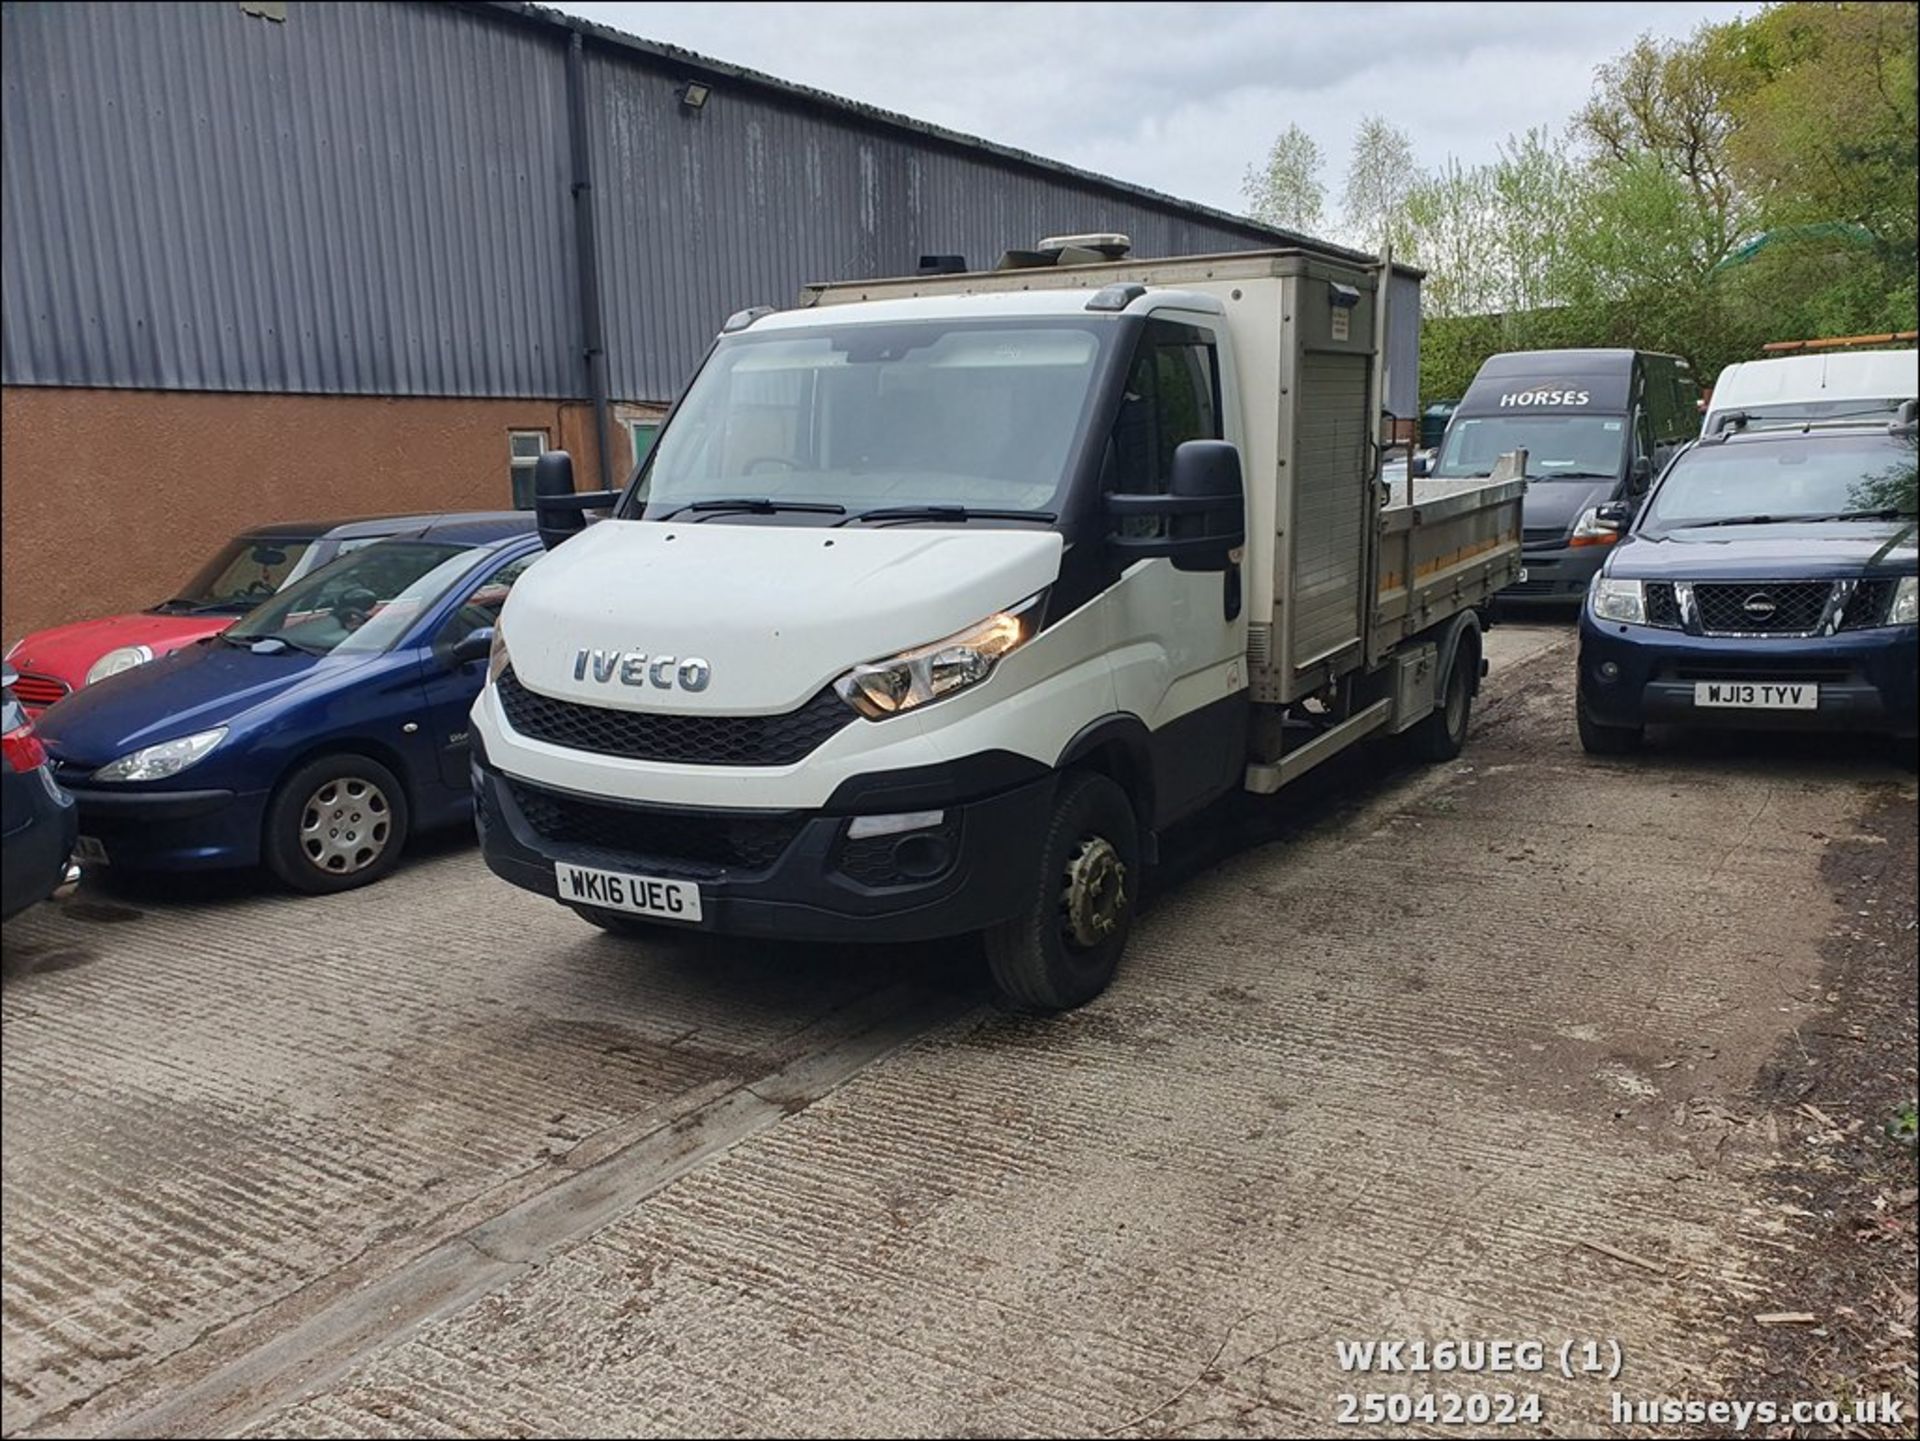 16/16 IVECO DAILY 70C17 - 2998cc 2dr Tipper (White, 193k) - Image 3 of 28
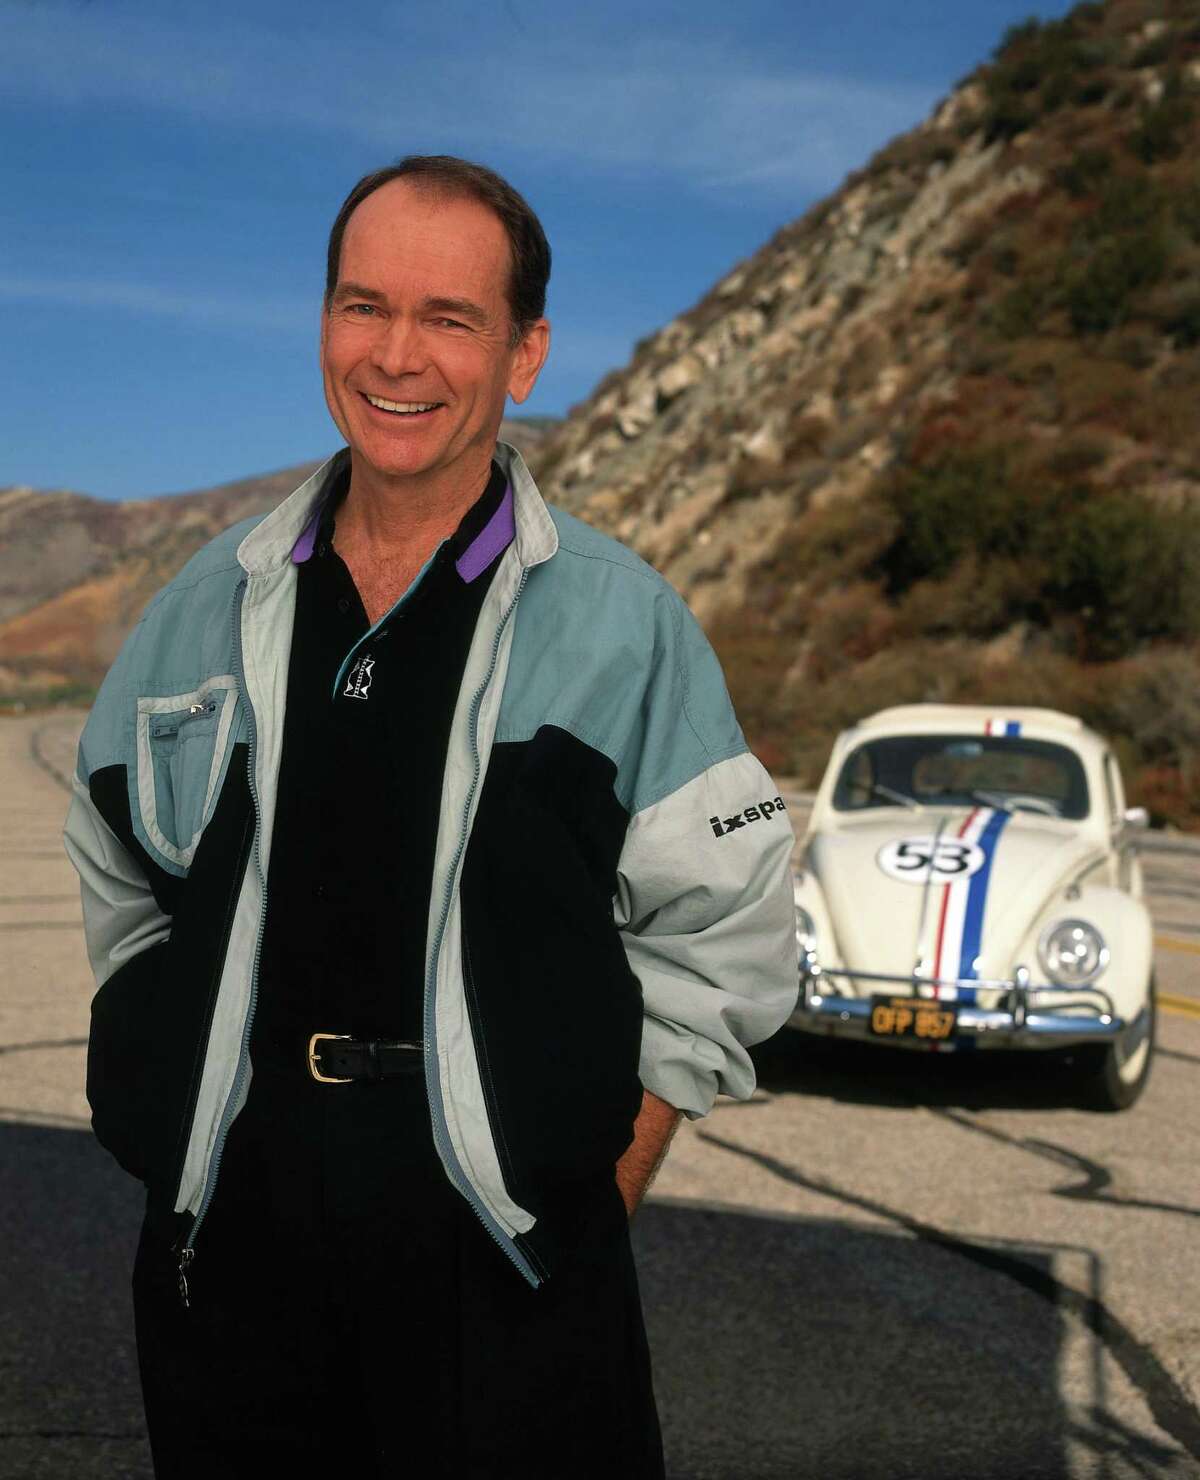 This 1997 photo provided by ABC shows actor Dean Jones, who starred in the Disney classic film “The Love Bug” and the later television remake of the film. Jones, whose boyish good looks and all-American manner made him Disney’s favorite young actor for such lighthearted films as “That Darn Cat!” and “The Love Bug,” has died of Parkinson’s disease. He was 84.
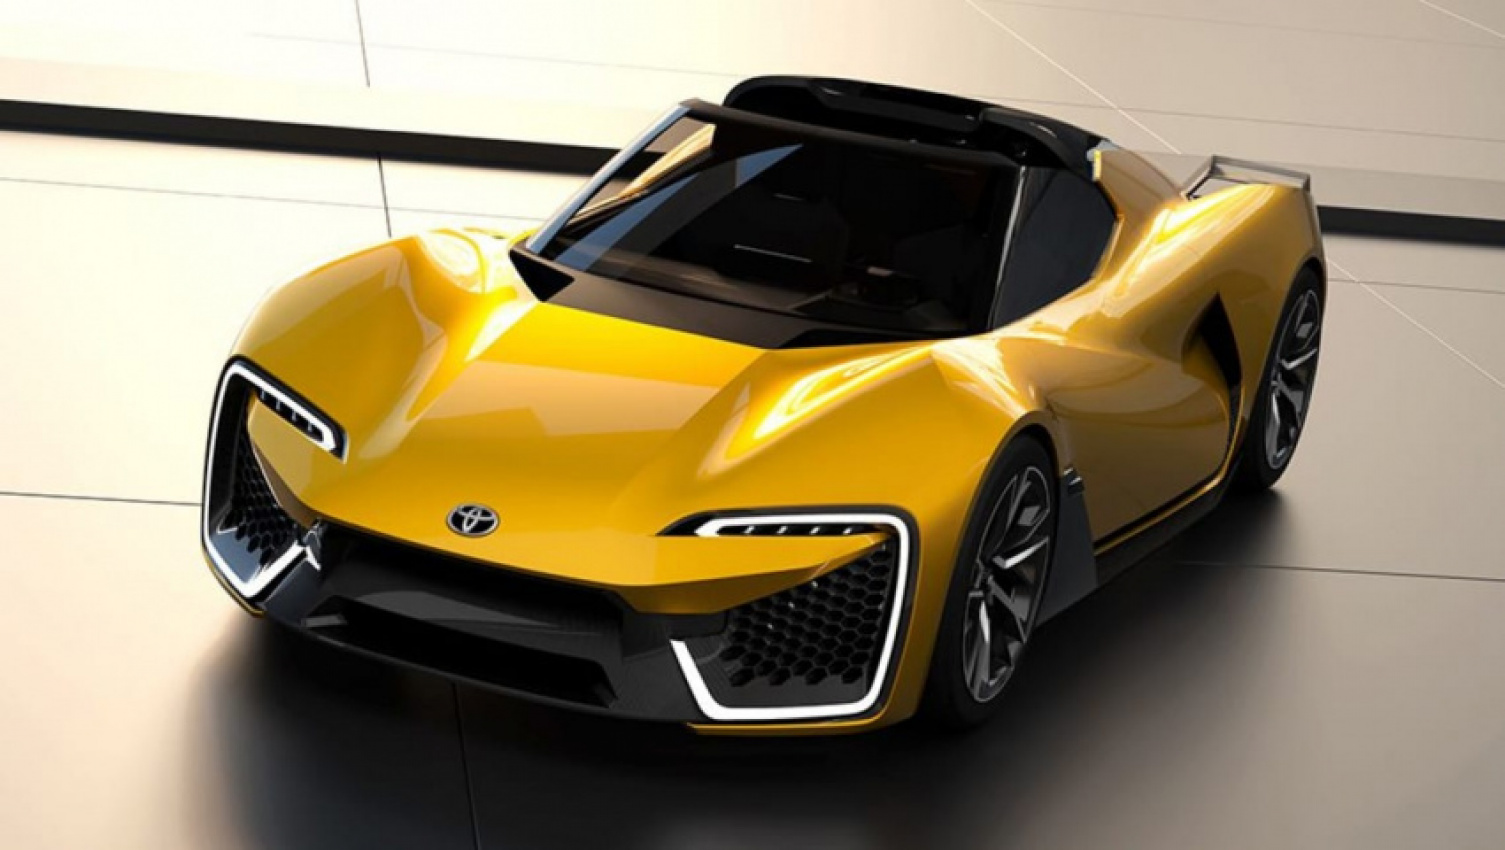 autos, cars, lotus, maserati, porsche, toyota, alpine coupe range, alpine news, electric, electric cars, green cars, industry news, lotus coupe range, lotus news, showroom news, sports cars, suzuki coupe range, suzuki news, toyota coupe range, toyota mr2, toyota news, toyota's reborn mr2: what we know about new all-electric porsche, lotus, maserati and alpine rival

Assigned task — Beginning at the line that contains "This 1997 photo", retype each line of the data above through the very last one. Do not retype the pictures.

Solved exercise —
 This 1997 photo provided by ABC shows actor Dean Jones, who starred in the Disney classic film “The Love Bug” and the later television remake of the film. Jones, whose boyish good looks and all-American manner made him Disney’s favorite young actor for such lighthearted films as “That Darn Cat!” and “The Love Bug,” has died of Parkinson’s disease. He was 84.
 autos, cars, lotus, maserati, porsche, toyota, alpine coupe range, alpine news, electric, electric cars, green cars, industry news, lotus coupe range, lotus news, showroom news, sports cars, suzuki coupe range, suzuki news, toyota coupe range, toyota mr2, toyota news, toyota's reborn mr2: what we know about new all-electric porsche, lotus, maserati and alpine rival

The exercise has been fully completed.